An aqueous adhesive composition for bonding reinforcing textiles to rubber products is provided, having an epoxy resin with a functionality of three or greater and a rubber latex functionalized with pendent groups selected from carboxyl, amide and pyridyl groups.


The present invention relates generally to an aqueous adhesive composition for bonding reinforcing textile yarns and fabrics to rubber products, which contains an epoxy resin having an epoxy functionality of three or greater.

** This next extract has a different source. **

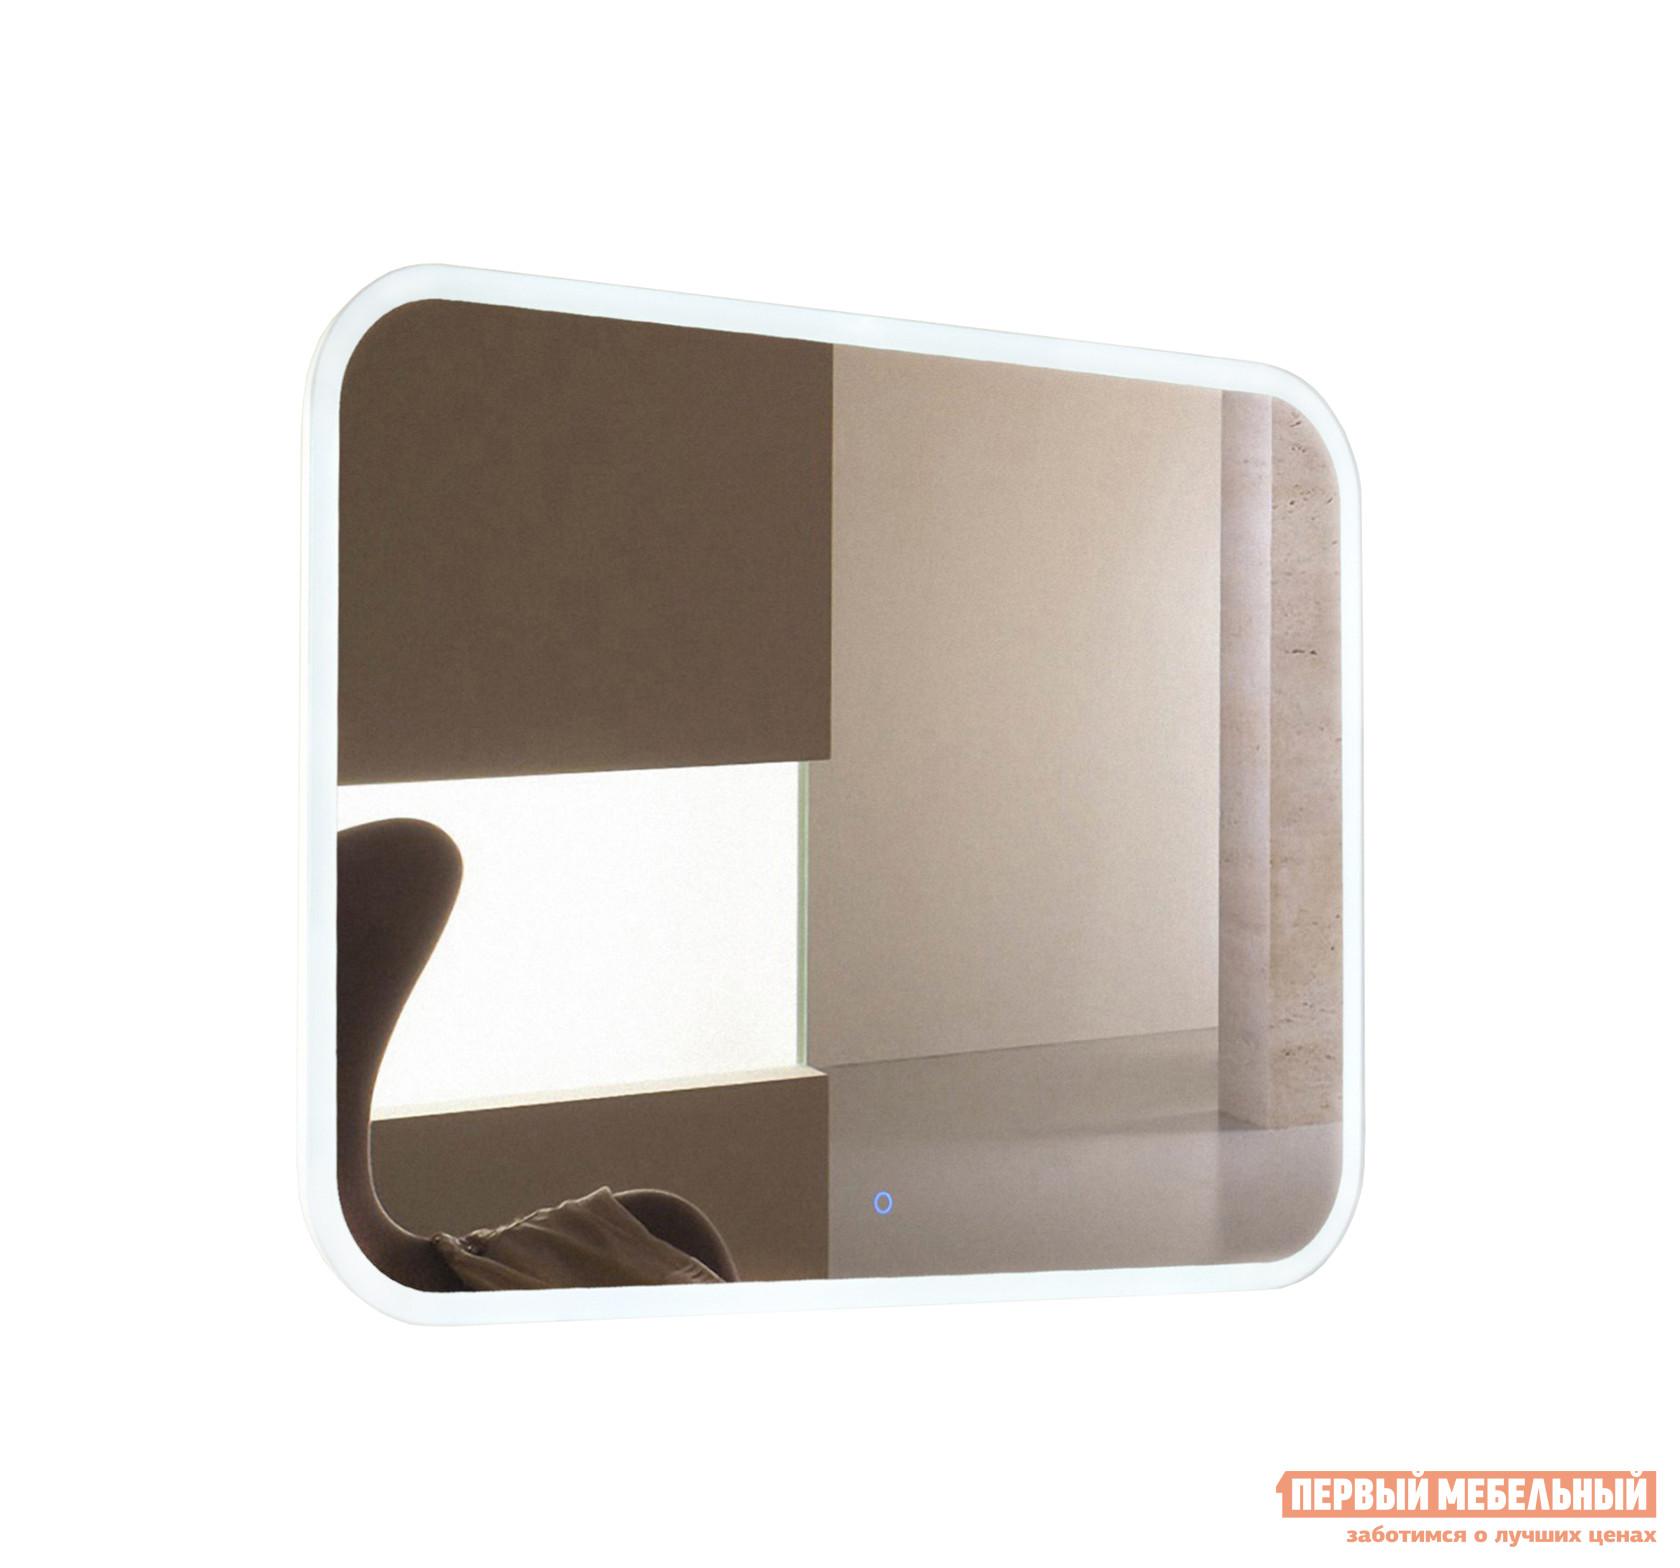 Настенное зеркало  ЗЛП29 Demure LED 915х685 Зеркало, С сенсорным выключателем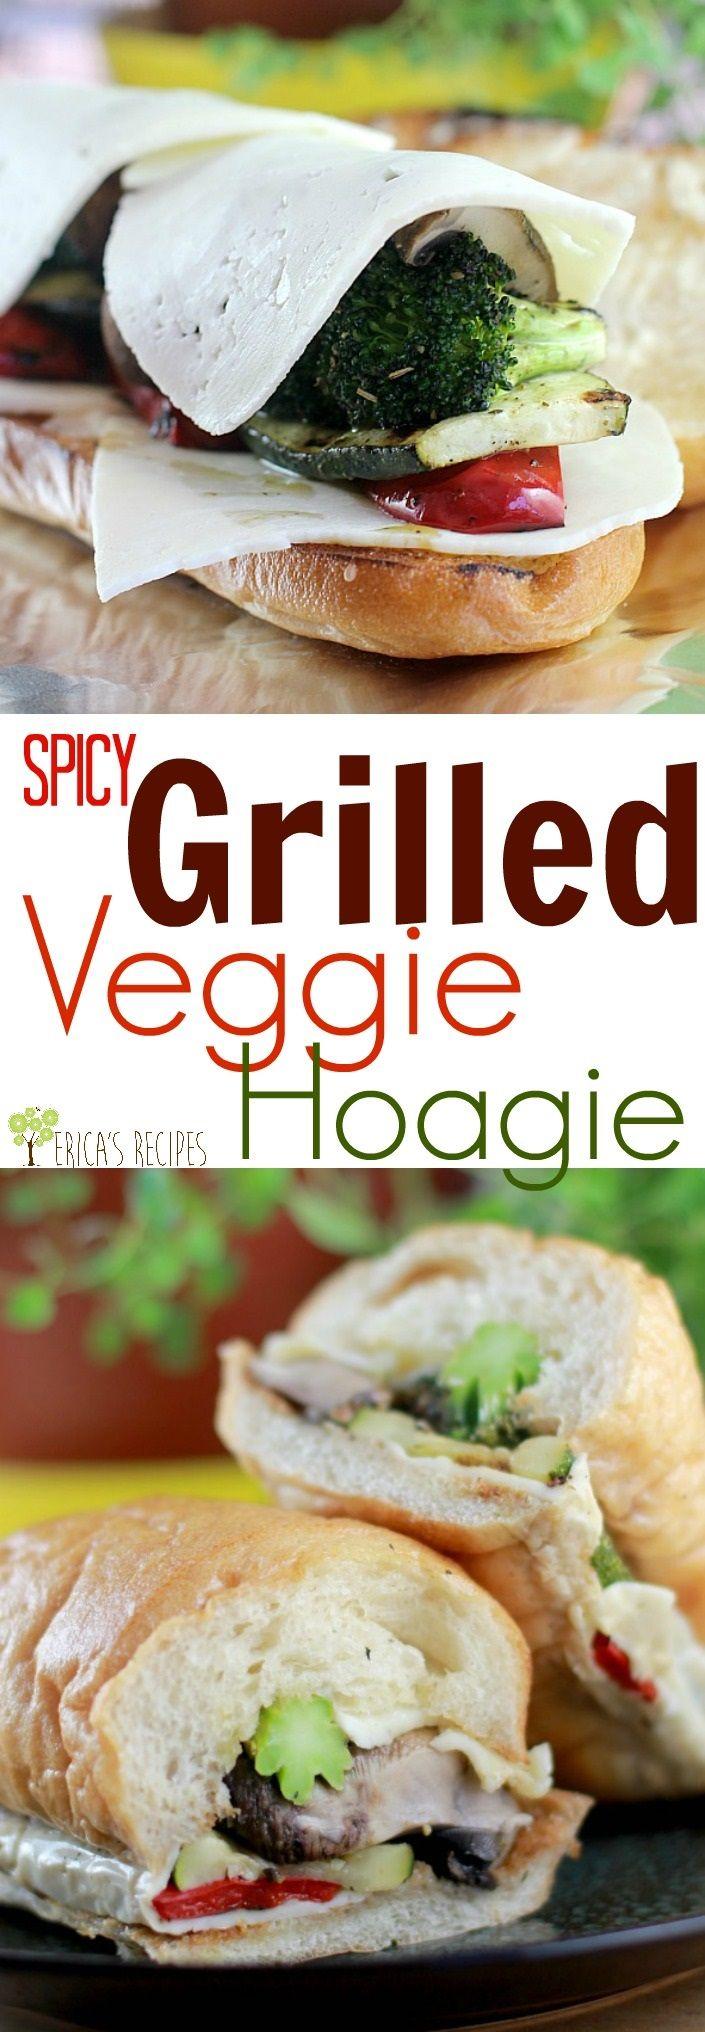 Spicy Grilled Veggie Hoagies #KingofFlavor #FlavorRocksTG #ad @target @elyucateco

Textiles are used extensively to reinforce rubber products such as tires, v-belts, and conveyor belts. The textile may be in the form of a fiber, yarn, or a woven, knitted or non-woven fabric. Fibers typically used for reinforcement are manufactured from polyamides, including nylons and aramids, polyesters, particularly polyethylene terephthalate, rayon and glass fibers.

One of the difficulties encountered in manufacturing reinforced rubber products is that the textile fibers do not adhere well to the rubber without additional chemical treatment. A number of systems have been developed to promote adhesion of the fiber to the rubber. One such system is based on pretreatment of the textile fibers with an adhesive to promote bonding. The textile is dipped in the adhesive composition, which is usually an aqueous latex, followed by drying and curing.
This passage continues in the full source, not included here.